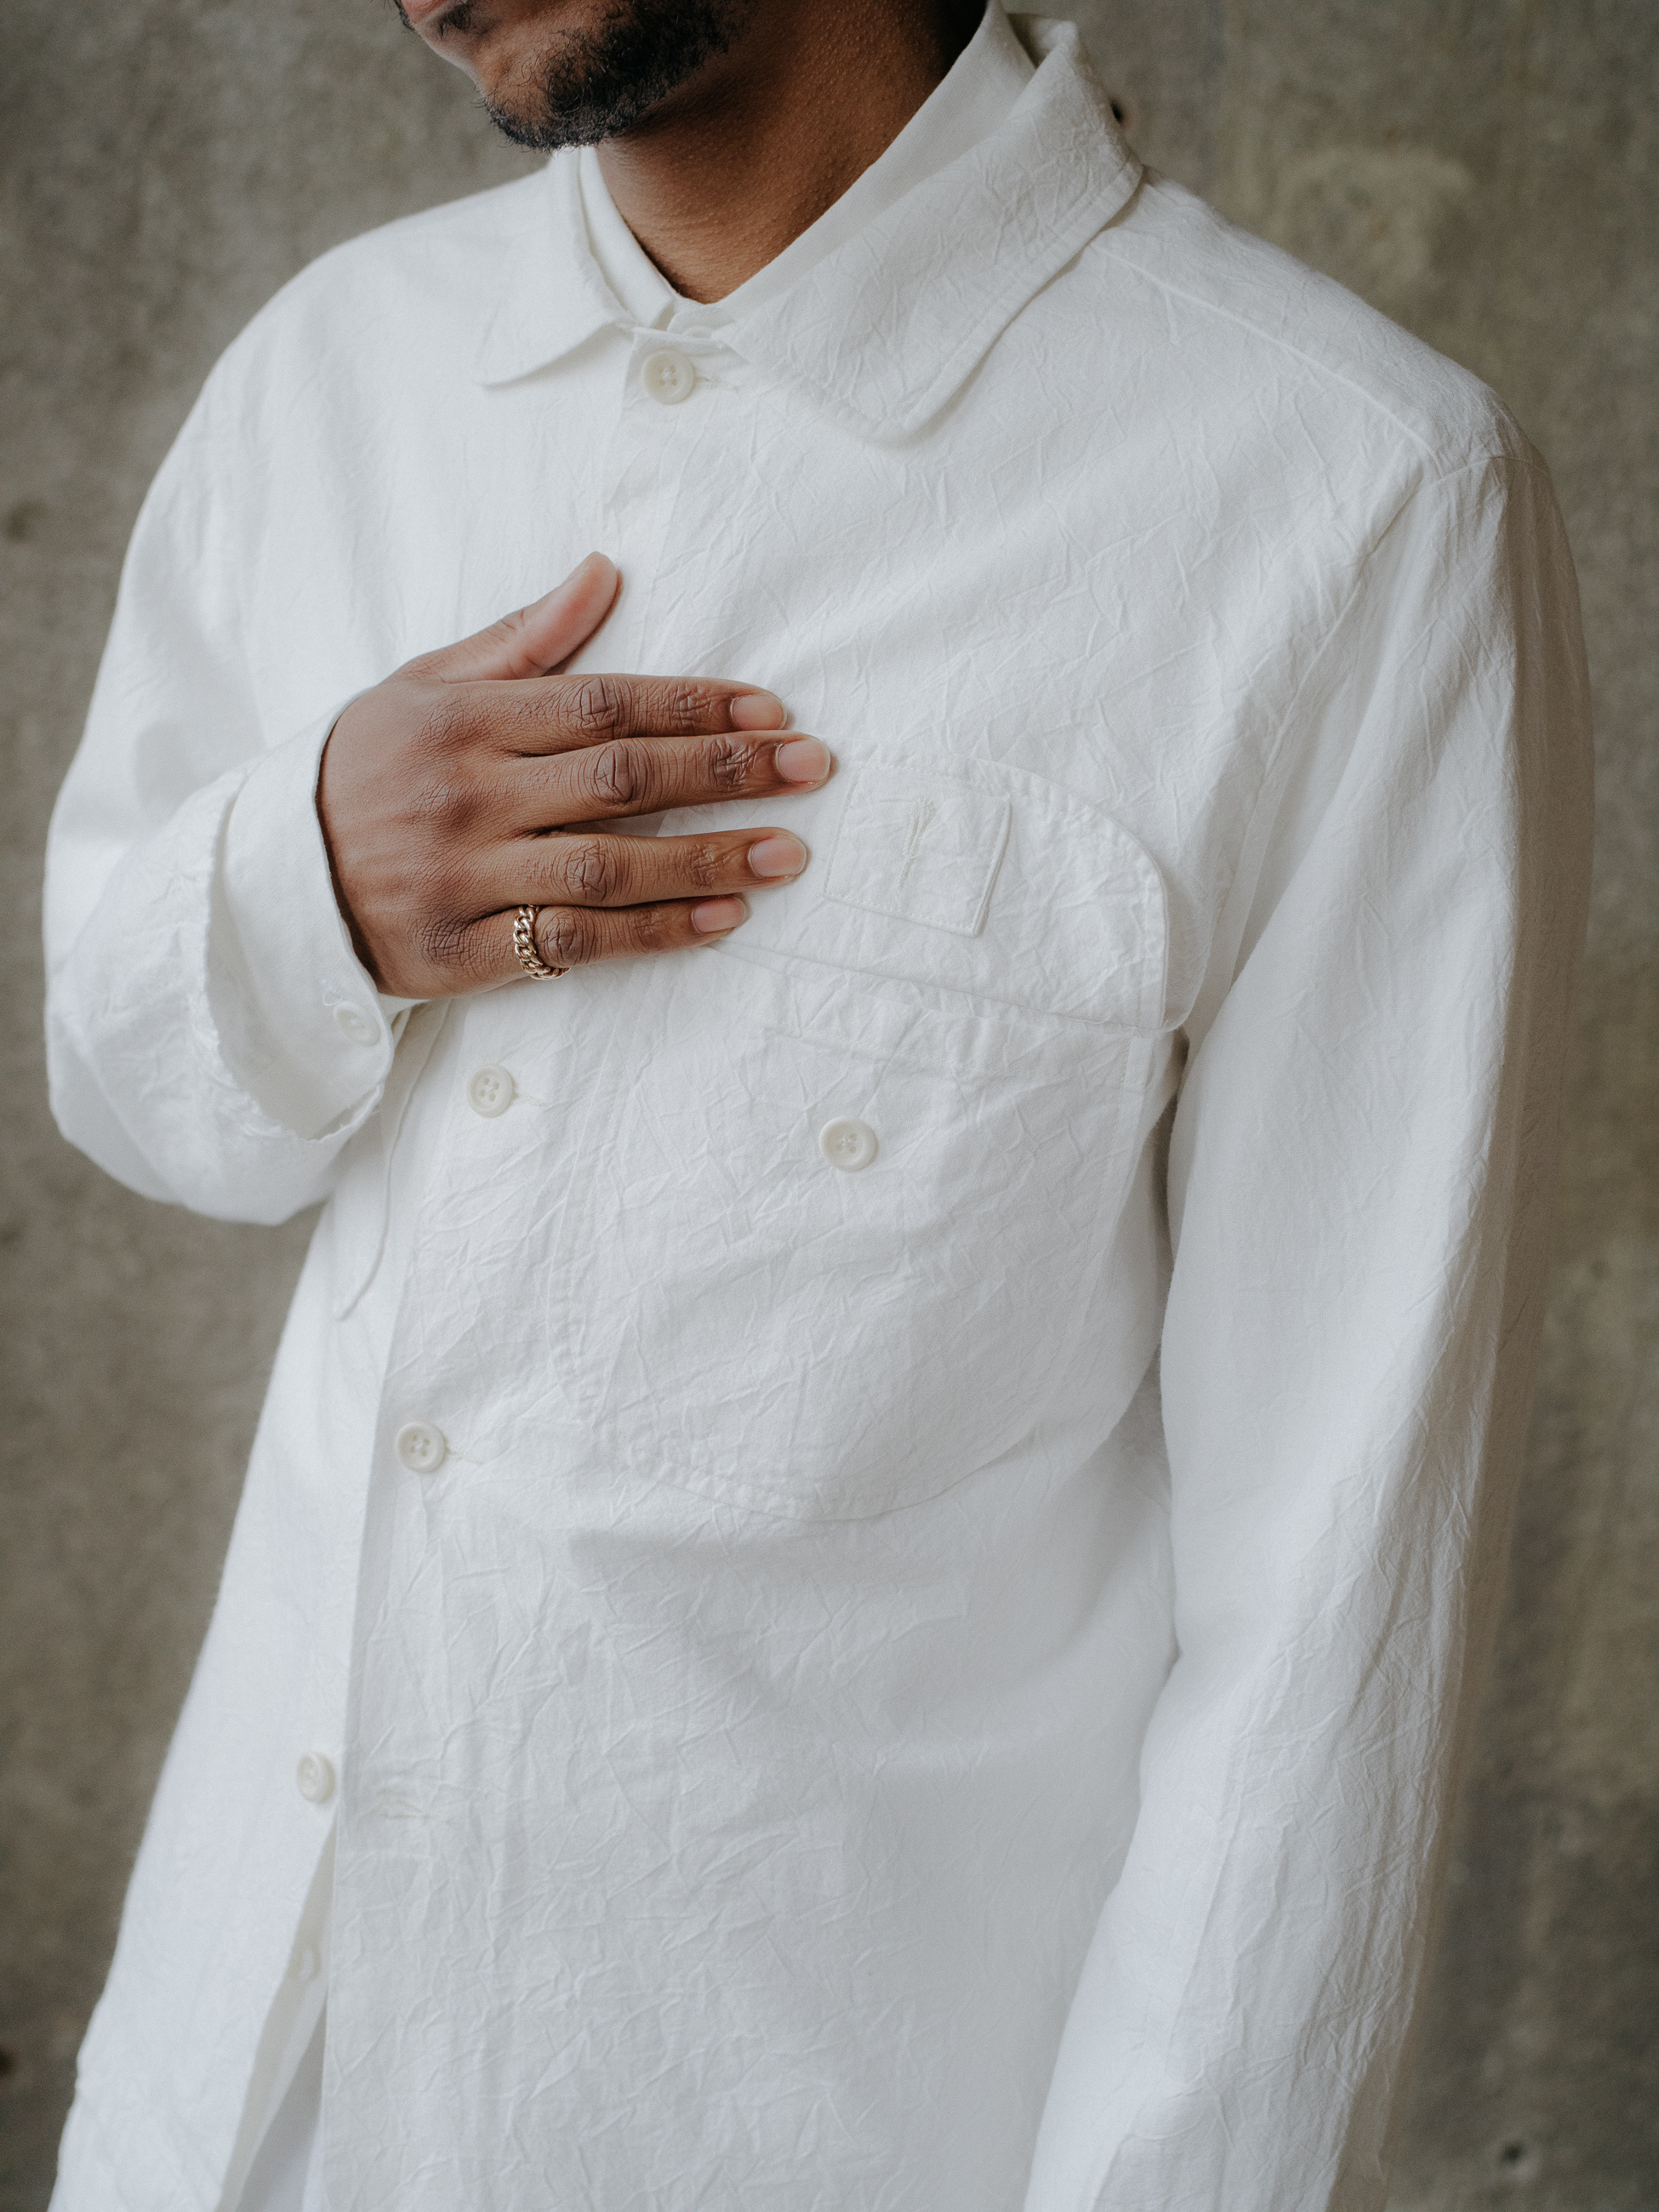 evan-kinori-field-shirt-crinkle-cotton-japan-7
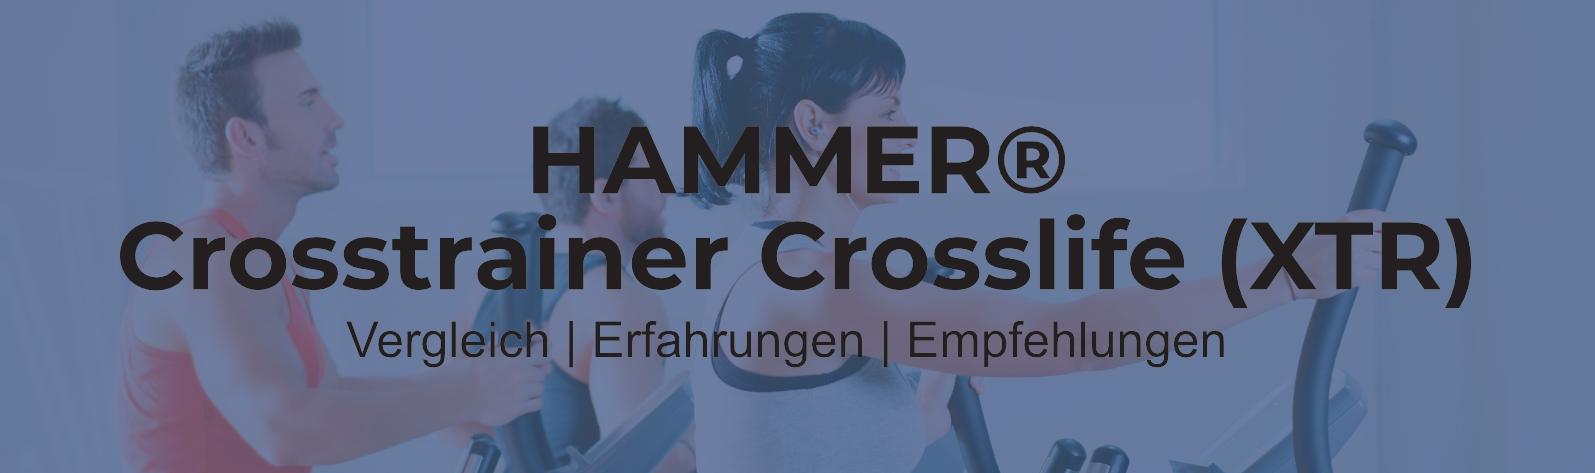 Hammer Crosstrainer Crosslife XTR & Vergleich der Hammer-Crosstrainer
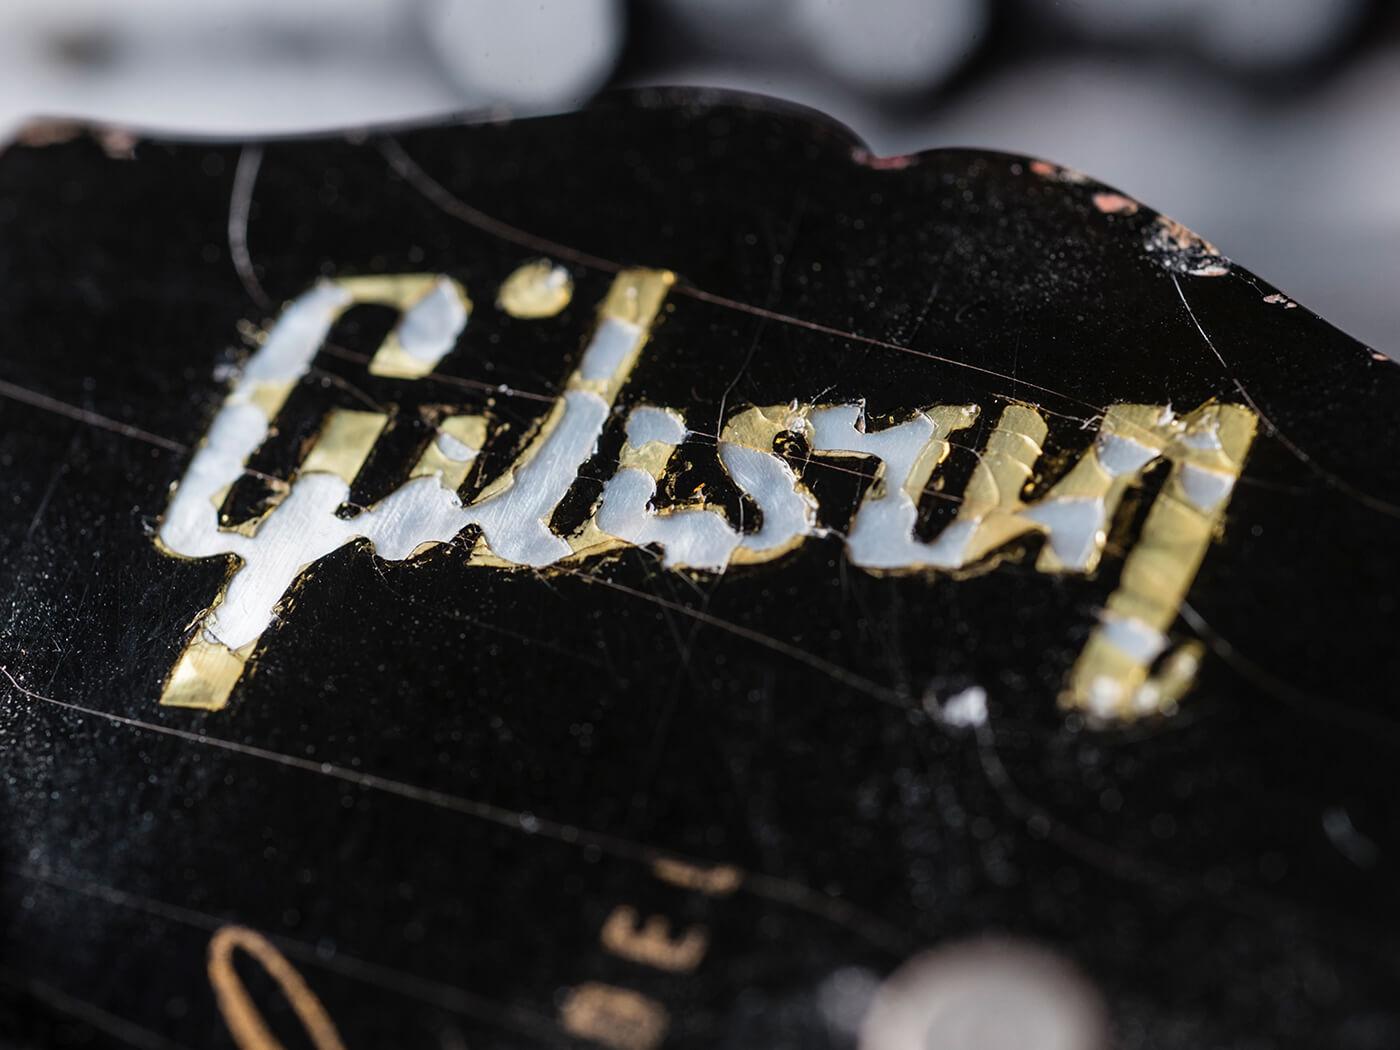 Gary Gand 1960 Gibson Les Paul Standard (Headstock)
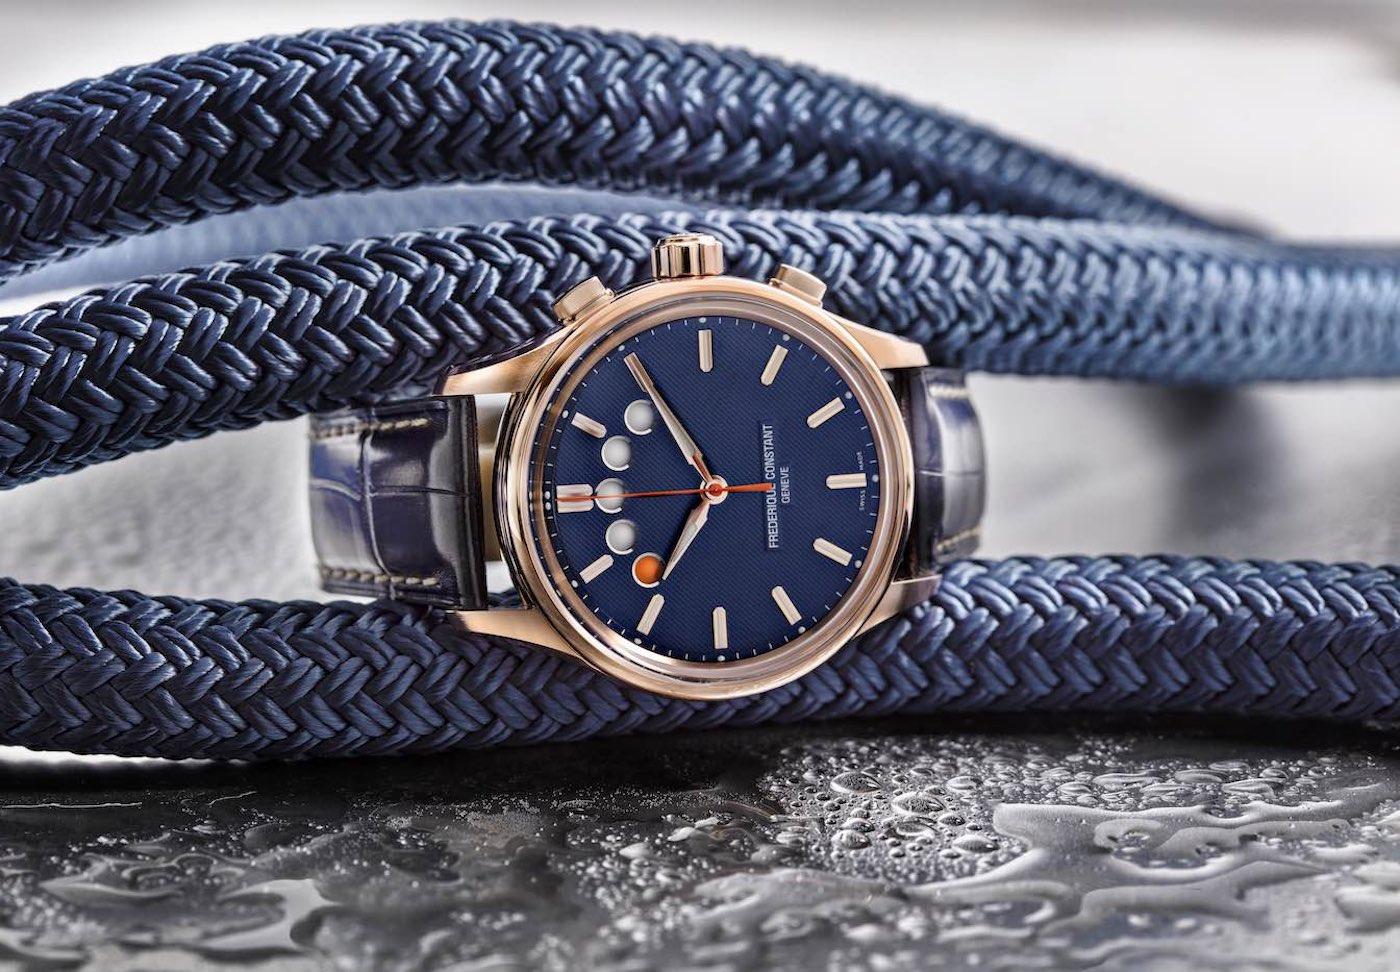 đồng hồ bấm giờ du thuyền Frederique Constant Yacht Timer Regatta Countdown

-.-.-

What is being asked -> The expected output is the material above, repeated exactly and free of pictures.

Completed exercise ->
 evan-kinori-field-shirt-crinkle-cotton-japan-7
 Hammer Crosstrainer Crosslife XTR & Vergleich der Hammer-Crosstrainer
 Gary Gand 1960 Gibson Les Paul Standard (Headstock)
 đồng hồ bấm giờ du thuyền Frederique Constant Yacht Timer Regatta Countdown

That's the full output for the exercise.